Michael O’Leary started out as an accountant at Ryanair.  He became its CEO in 1994 just at the time that low-cost airlines were taking off in Europe.  He positioned Ryanair to be the leader in this growing segment of the market.

And Luck (10%).  The last category we have is luck.

Would Catherine Zeta Jones have started off on her successful acting journey if her parents had not won £100,000 in a national bingo competition in the early 1980’s?  This enabled them to move to a better place in Swansea and to pay for her dance and ballet classes.

Or would Jared Kushner have been so well-known if he had not married the daughter of the man (Donald Trump) who would become the US President in 2016?

Chance has its place.

But luck can also be cruel and can go the other way.  Silicon Valley has backed many shaky start-ups in its time.  But Elizabeth Holmes got exposed as a fraud and ended up in jail.  In Britain Liz Truss lasted for just 44 days as Prime Minister before being booted out of office.

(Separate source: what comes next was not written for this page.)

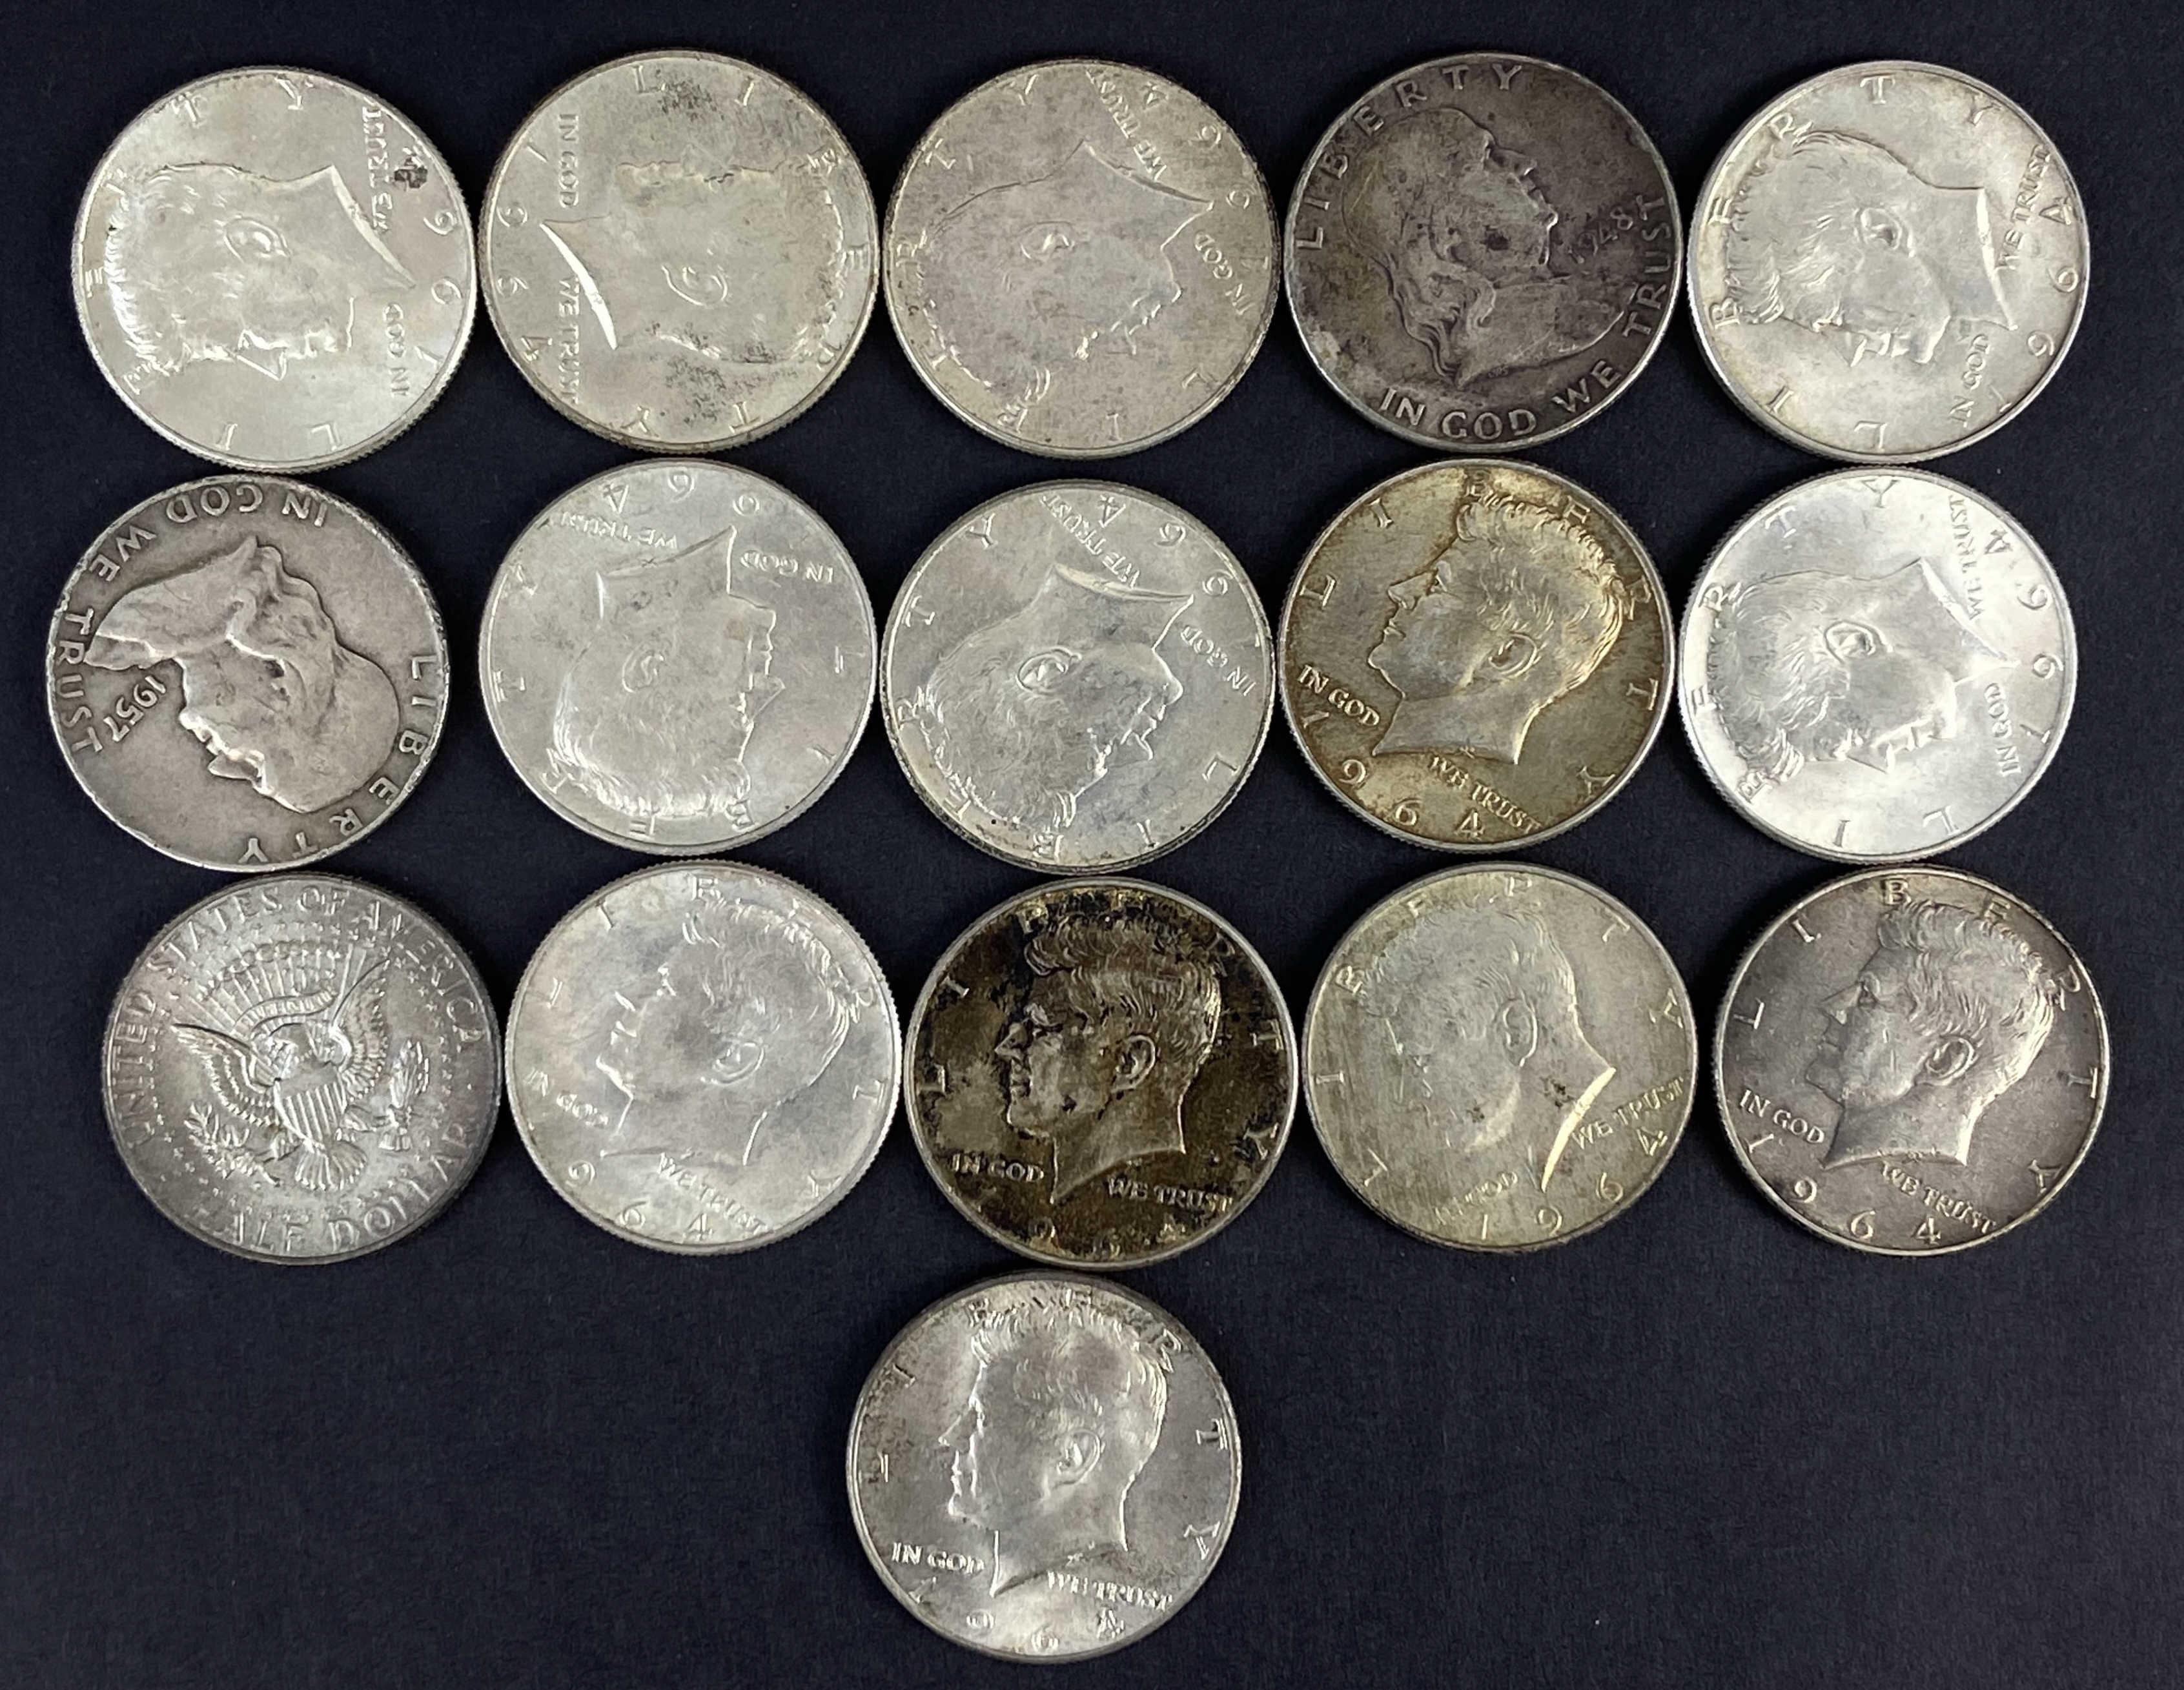 (14) Kennedy (2) Franklin Half Dollar Coins

Conclusion.  What have we learnt from this?  Many factors can play a role, including talent, perseverance and luck.

But the two that stand out, family support and dealing with adversity, give two alternate routes to fame.  The first is that you make it with the loving support of your family and friends.  The second is the opposite.  No loving support is available.  Instead, adversity has provoked a very strong determination and ambition to succeed.